We would like to invite you to our next ICMAB Periodical Lecture by Frankie Rawson, researcher at the University of Nottingham.

Anna
Anna
28 February 2022

The seminar will take place at the Sala d'Actes Carles Miravitlles and online.

Interfacing bipolar electrochemistry with living systems

by Frankie Rawson, Biodiscovery Institute, School of Pharmacy, Bioelectronics Laboratory, Division of Regenerative Medicine and Cellular Therapies University Park, University of Nottingham

Monday, 14 March 2022, 12 pm
ICMAB-Sala d'Actes Carles Miravitlles and Online by Zoom. Register here to attend.

Abstract:

The merging of electronics with biology at the nanoscale gives rise to new opportunities to modulate cellular behaviour. We present an assertion that nano-bipolar electrode technology can play a part in this by enabling methods to modulate cellular-electrical communication. To date, nanobipolar electrodes have not been utilised in cells. In a first, we present an impedimetric method and fluorescent data that demonstrate nano-bipolar electrodes placed within an electric field become polarised enabling intracellular based redox reactions to be modulated on-demand. In addition we show how bipolar electrochemistry can be used to construct bioelectronic in situ. We also now know faradaic bioelectrical circuits including trans plasma membrane electron transport underpin cell dysfunction.

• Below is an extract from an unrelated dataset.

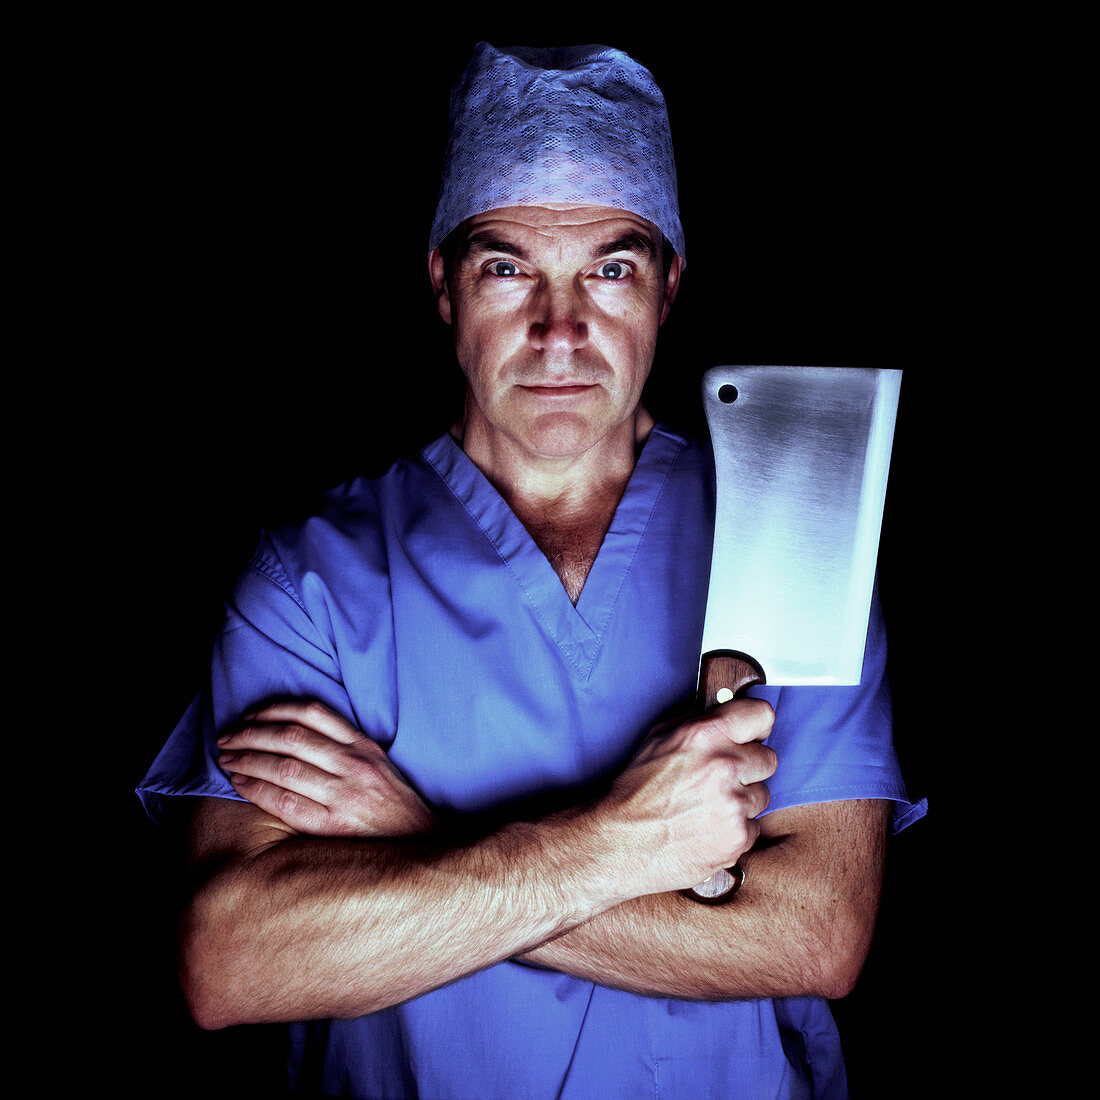 Surgeon as a butcher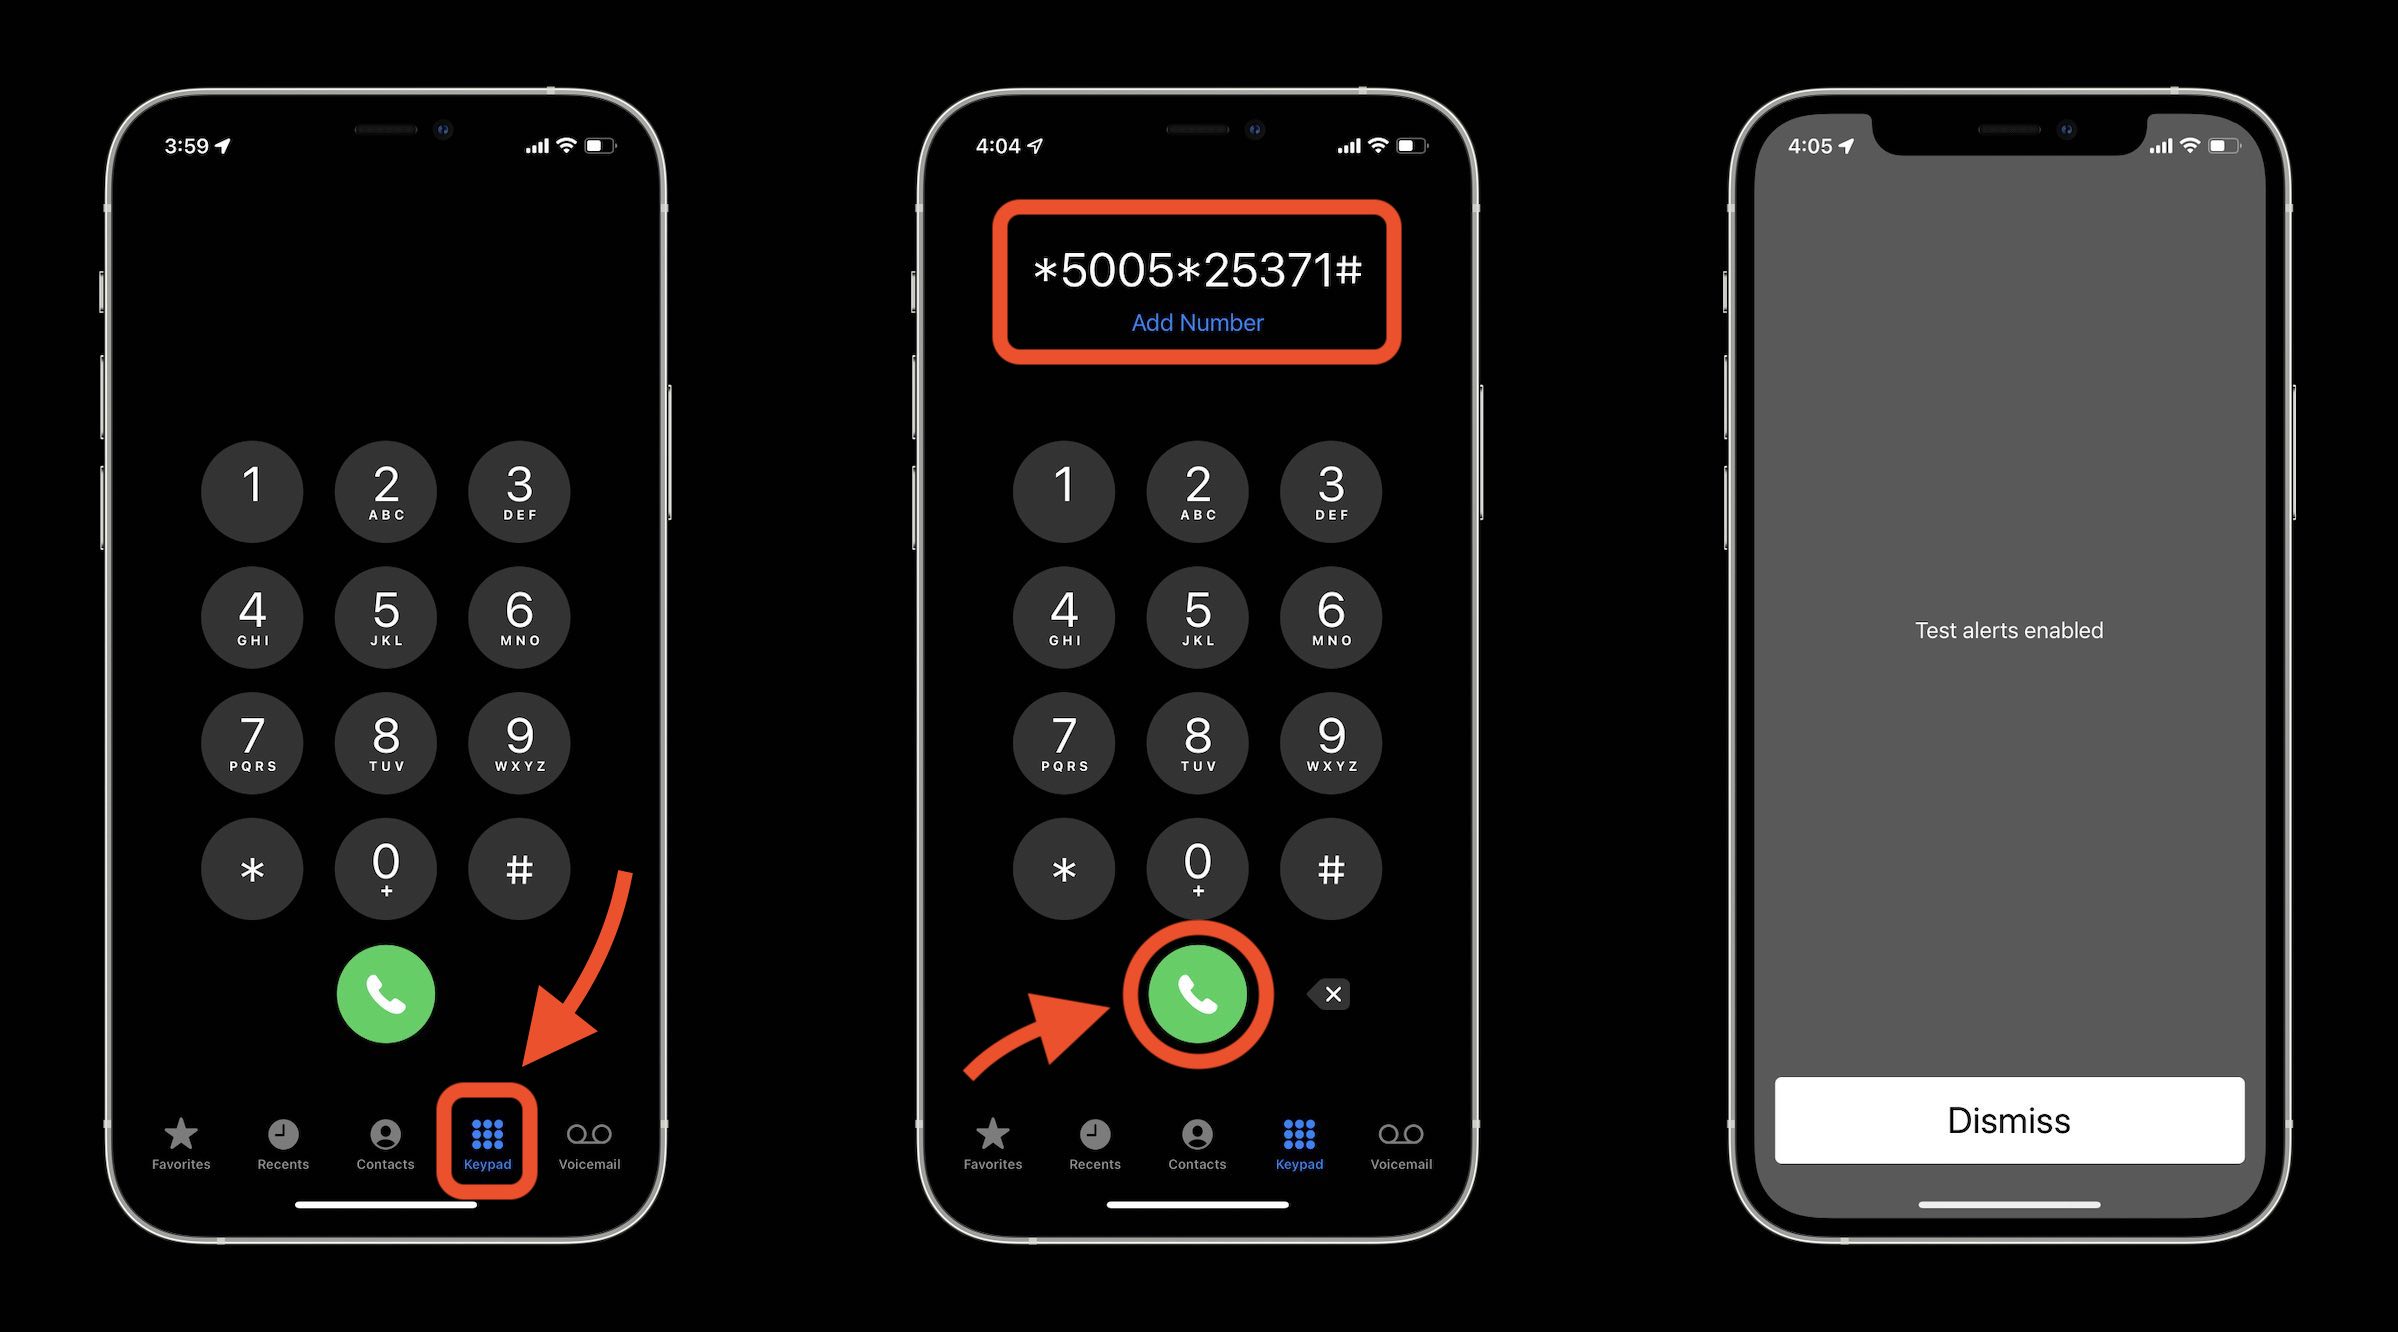  Cómo activar / desactivar las alertas de emergencia de prueba en el iPhone en el dial de EE.UU. *5005*25371# en la aplicación telefónica

Therefore, the ability to control such circuits may give rise to new ways to control underlying biology and disease. Towards this vision, we use membrane-embedded carbon nanotube (CNTs) as bipolar nanoelectrodes and show we can control electron flow with externally applied electric fields across biological membranes. New mechanistic insight into this newly described phenomenon at the nanoscale is given. The results that will discuss give rise to a new method to modulate cell behaviour via wireless control of membrane electron transfer.

Bio:

Frankie Rawson is an Associate Professor at the School of Pharmacy where he has been since 2013. He moved to take up a bestowed Early Career Leverhulme Fellowship aimed at developing technology for electrochemically communicating with cells, which remains a running theme in his group. He was then awarded a Nottingham Research Fellowship in 2016 to extend this work into the field of bioelectronic medicine and was subsequently awarded an EPSRC Healthcare Technology Challenge award in 2018.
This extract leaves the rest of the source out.